High-level expression of a functional single-chain human chorionic gonadotropin-luteinizing hormone receptor ectodomain complex in insect cells.

Abstract

Reproductive capacity in primates is dependent on the high-affinity binding of the glycoprotein hormones LH and human (h)CG to the large ectodomain (ECD) of their common receptor (LHR). Our understanding of the precise molecular determinants of hormone binding is limited, because there are no structural data for any of the glycoprotein hormone receptors. Overexpression of the ECD of the receptor has been attempted in various expression systems. Prokaryotic expression does not yield properly folded ECD. Eukaryotic expression, on the other hand, results in mostly heterogeneous, intracellularly trapped protein, but the secreted ECD is completely folded.
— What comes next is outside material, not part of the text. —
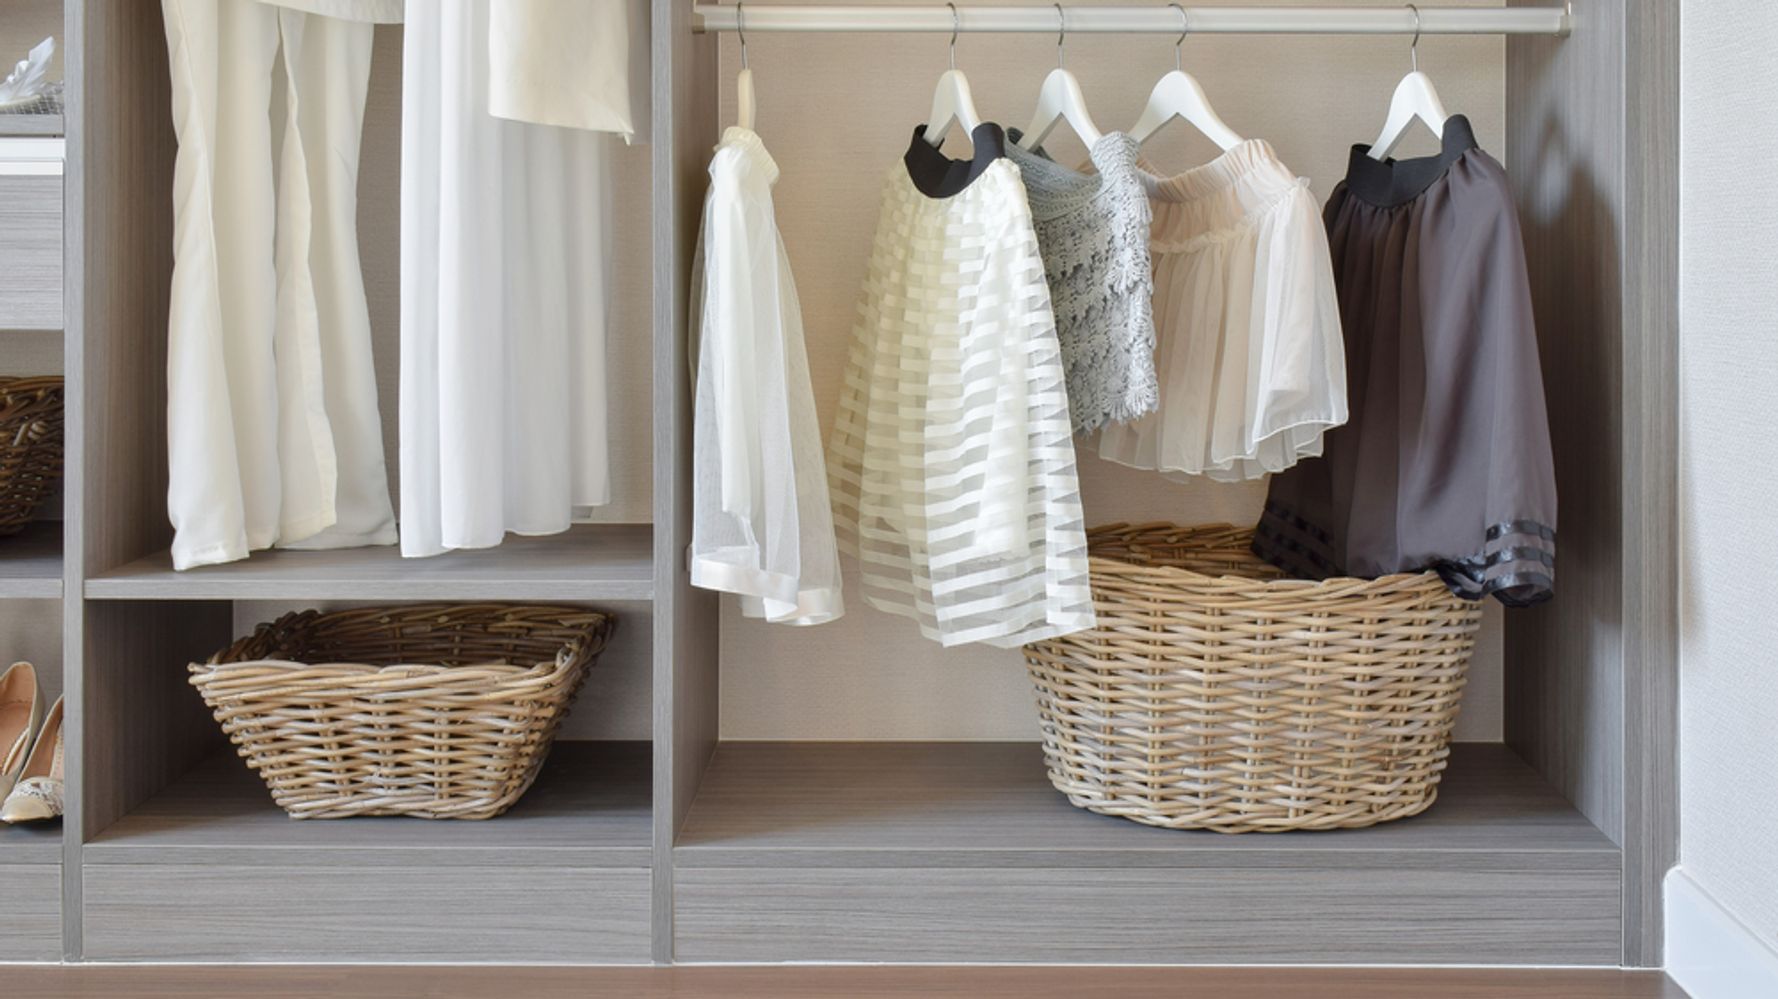 Creating A Capsule Wardrobe In 7 Easy Steps | HuffPost Life

Accordingly, we have tethered the single-chain hormone, yoked hCG, to the N terminus of LHR-ECD (yoked hormone-extracellular domain). Yoked hCG is secreted at high levels; binds LHR with high affinity; and, when tethered to the N terminus of full-length LHR, it binds and constitutively activates the receptor. Using recombinant baculovirus, yoked hormone-extracellular domain is secreted from insect cells at levels greater than 1 microg/ml, nearly 20-fold higher than that previously reported in eukaryotic expression systems. The protein was purified and binds exogenous (125)I-hCG with high affinity but, significantly, only after protease treatment to remove the tethered hormone. Thus, the fusion protein seems to form a functional hormone-receptor complex that is expressed at levels sufficient for its biophysical characterization.